Given the author’s position, that “language … [is] the primary means through which we maintain or contest old meanings and construct new ones” (66), a deeper analysis of her own linguistic and translation choices would have been useful here. It is not clear whether the interviews and focus groups were conducted in Dho’Luo and then translated by the author (although I infer this is the case), but she does explain that one of her methodological insights:

concerns the practicalities of working across two different languages (Dho’Luo and English) and the complexities of using discourse analysis in a context where I sought not to represent the narratives through a process of translation but rather to represent them whilst being alert to their “un-translatability.” (4–5)

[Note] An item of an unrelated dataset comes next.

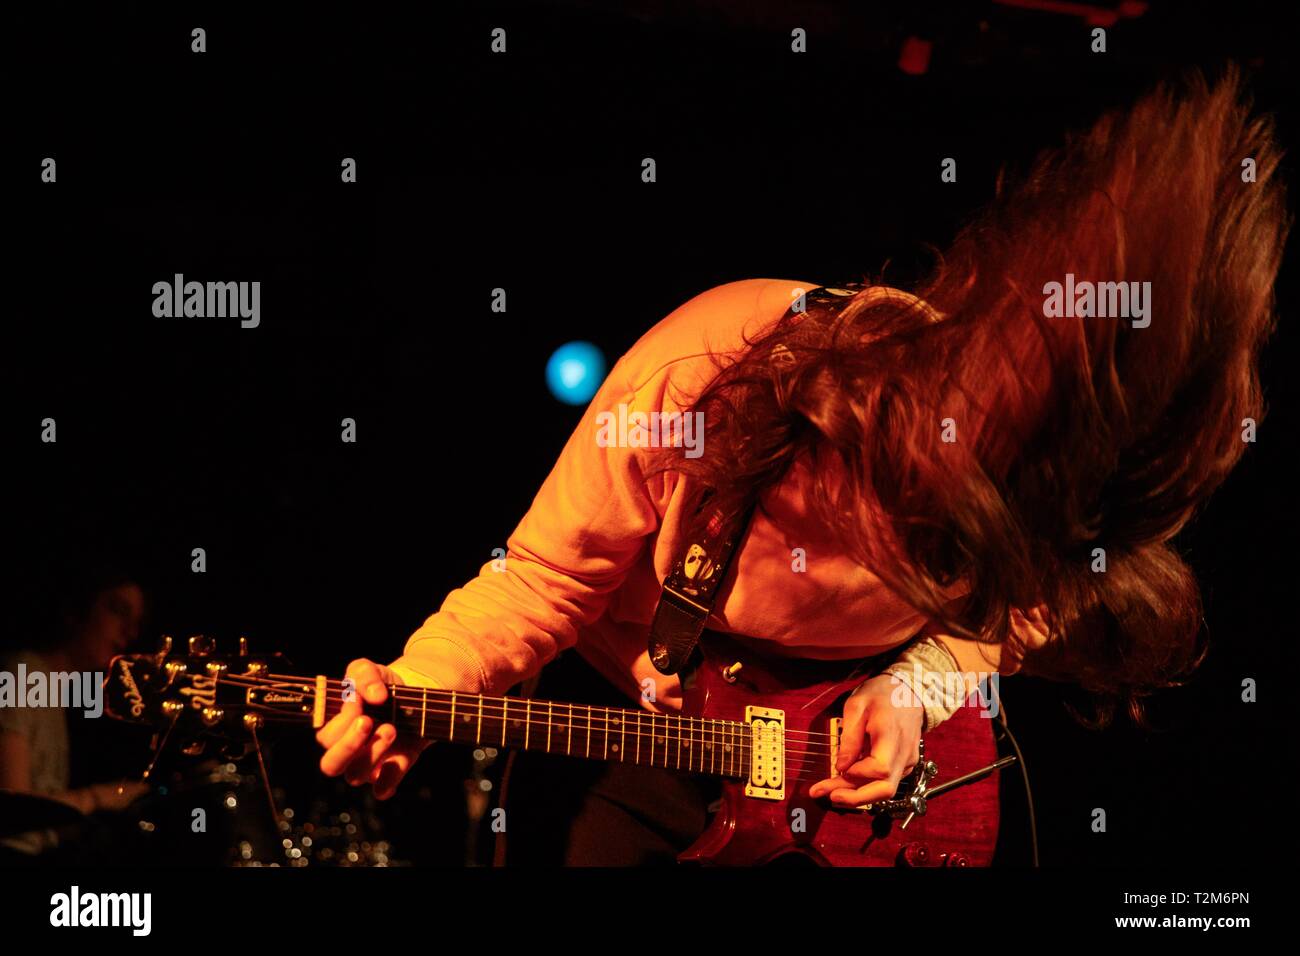 James Rowland visto tocar una guitarra como Sarah Bonito canta mientras la  banda de rock indie británico Kero Kero Bonito realiza en el Bluebird en  Bloomington, Indiana, durante la gira norteamericana. La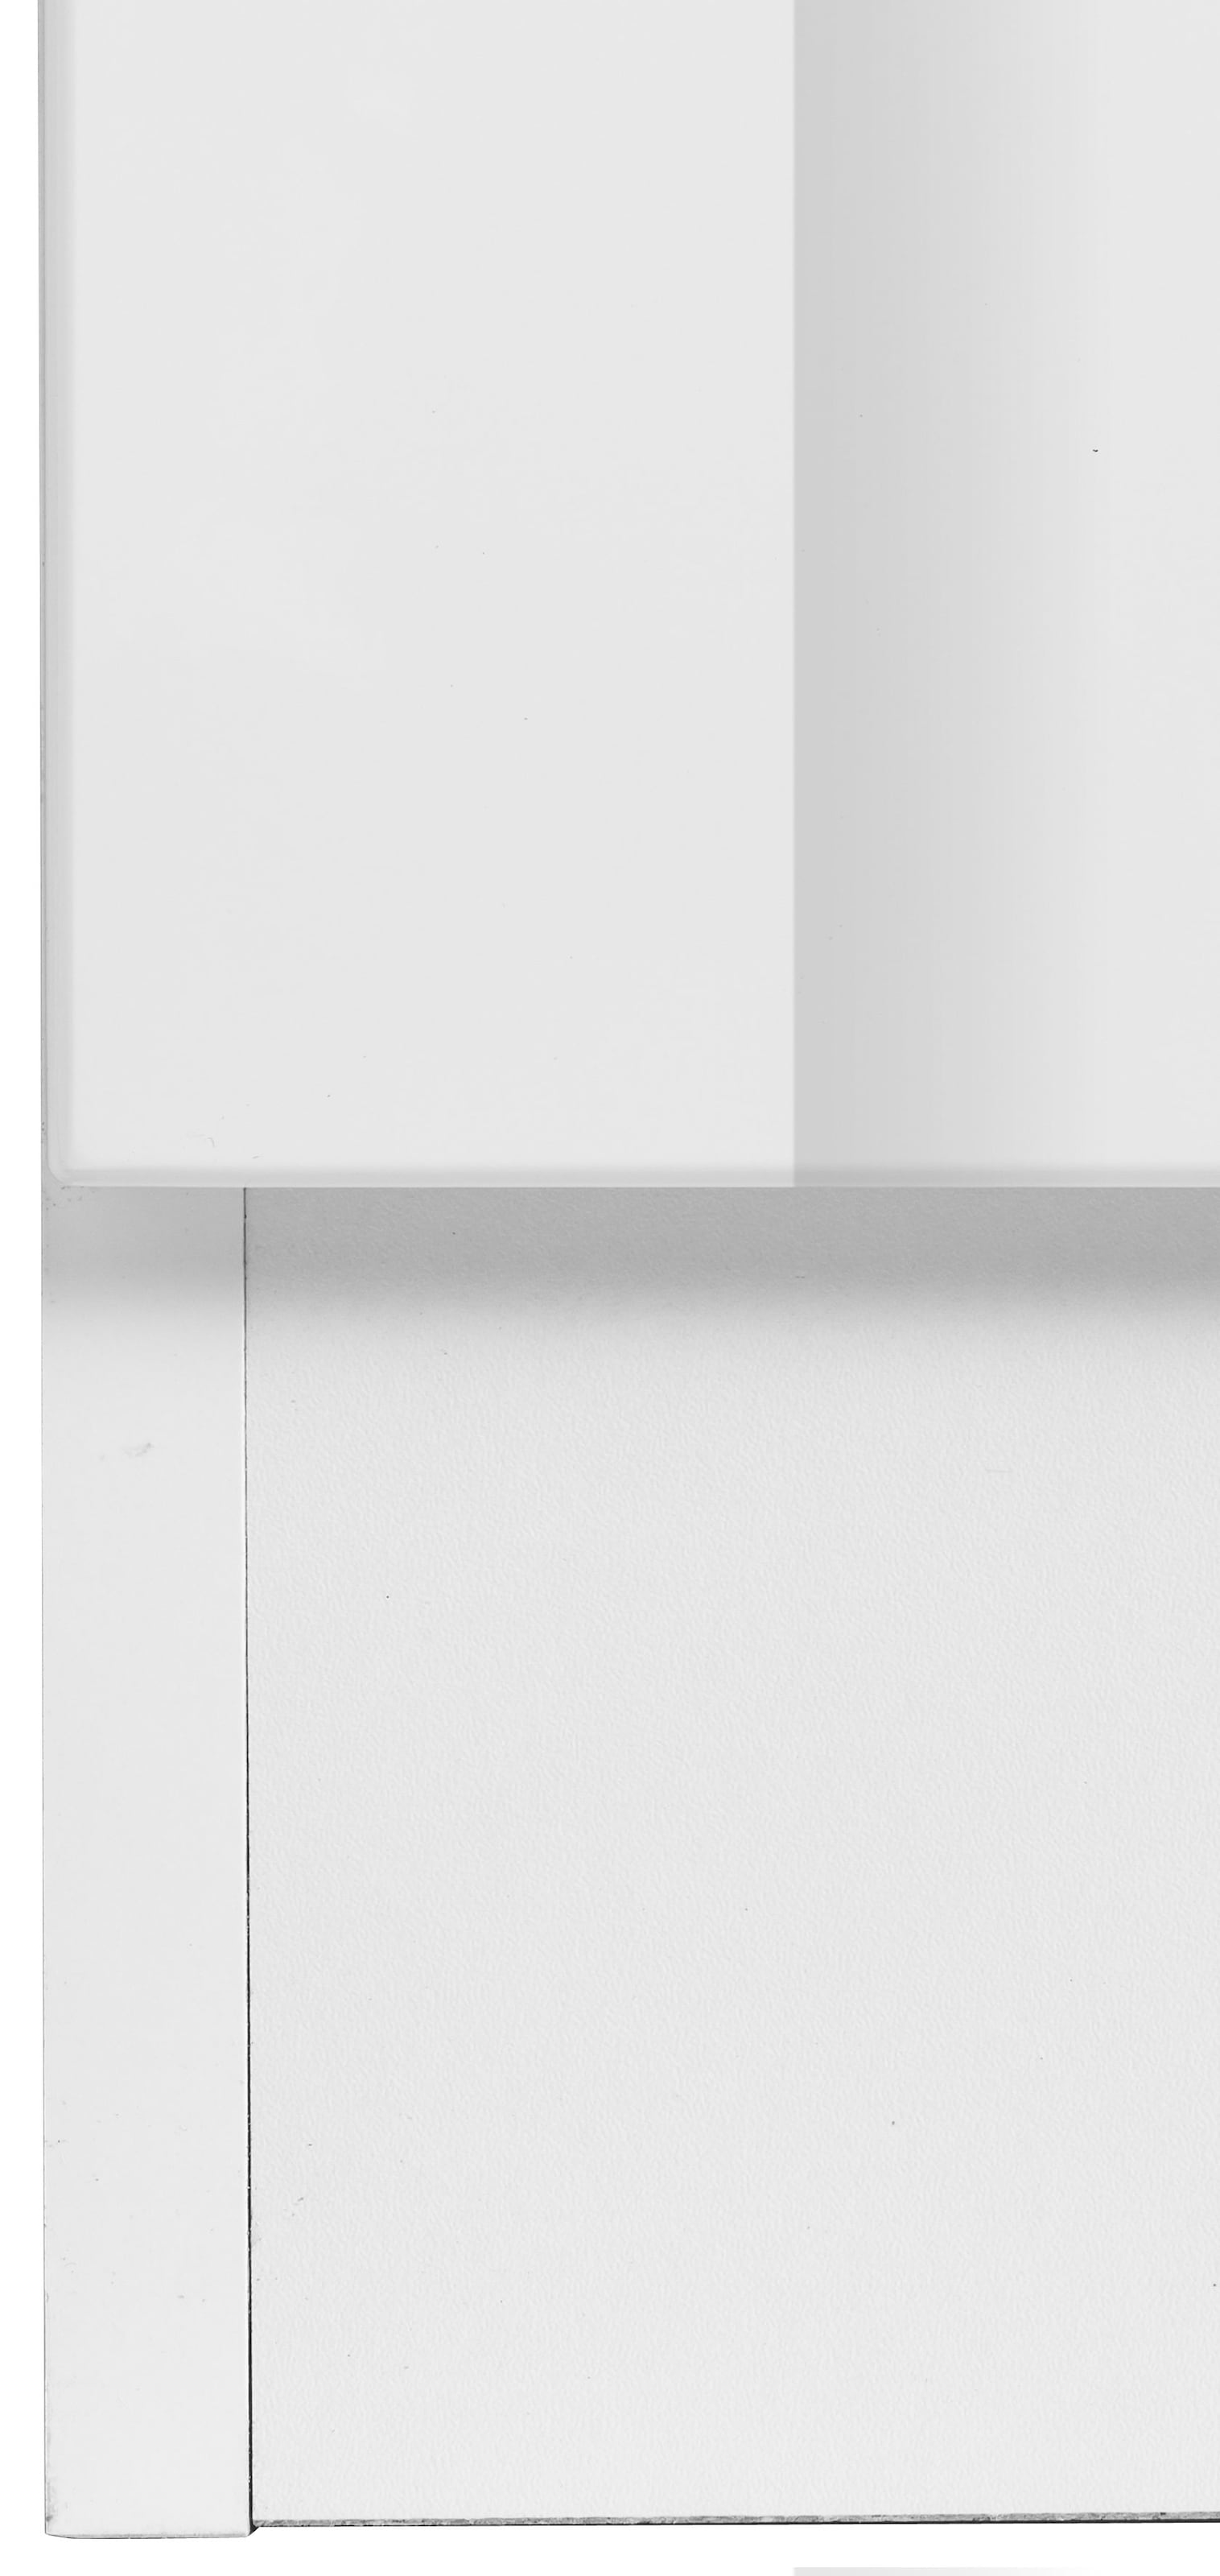 HELD MÖBEL Spülenschrank »Trient«, 110 cm breit, inkl. Tür/Socke für Einbaugeschirrspüler

Although Okech emphasizes the untranslatability of participant’s stories, she generally offers only English quotations, with the occasional Dho’Luo word in translation (43). Where she does offer a more substantial Dho’Luo quotation and then translates it in full (42), the argument is stronger for the bilingualism. Offering this multilingual visibility more extensively in the work would also strengthen her location within postcolonial African feminism, and would have also offered participants the all too rare opportunity to speak and be heard in their own words.

More attention could also have been paid to the temporal and historical context of the field work, especially for readers unfamiliar with recent Kenyan political history. The political violence following the 2007 elections was ethnically organized and motivated, and Luo communities in Nairobi and in Western Kenya were among those targeted. Greater engagement with Kenyan colonial history would also help to contextualize widow inheritance—this is not the first time the instinct to revert to cultural practices centring women’s bodies has affected women’s access to rights and cultural identity in times of political instability.

Although the author draws from literature of African independence movements, a more explicit grounding of the study within both African feminist scholarship and a decolonial politics of language would broaden the utility of her work, contributing not only to African feminisms but also to decolonial scholarship that seeks to recenter vernacular expression and the voices and experiences of grassroots communities. Nevertheless, this work offers important insights into Luo community practices and the roles gender performances play in cultural reproduction.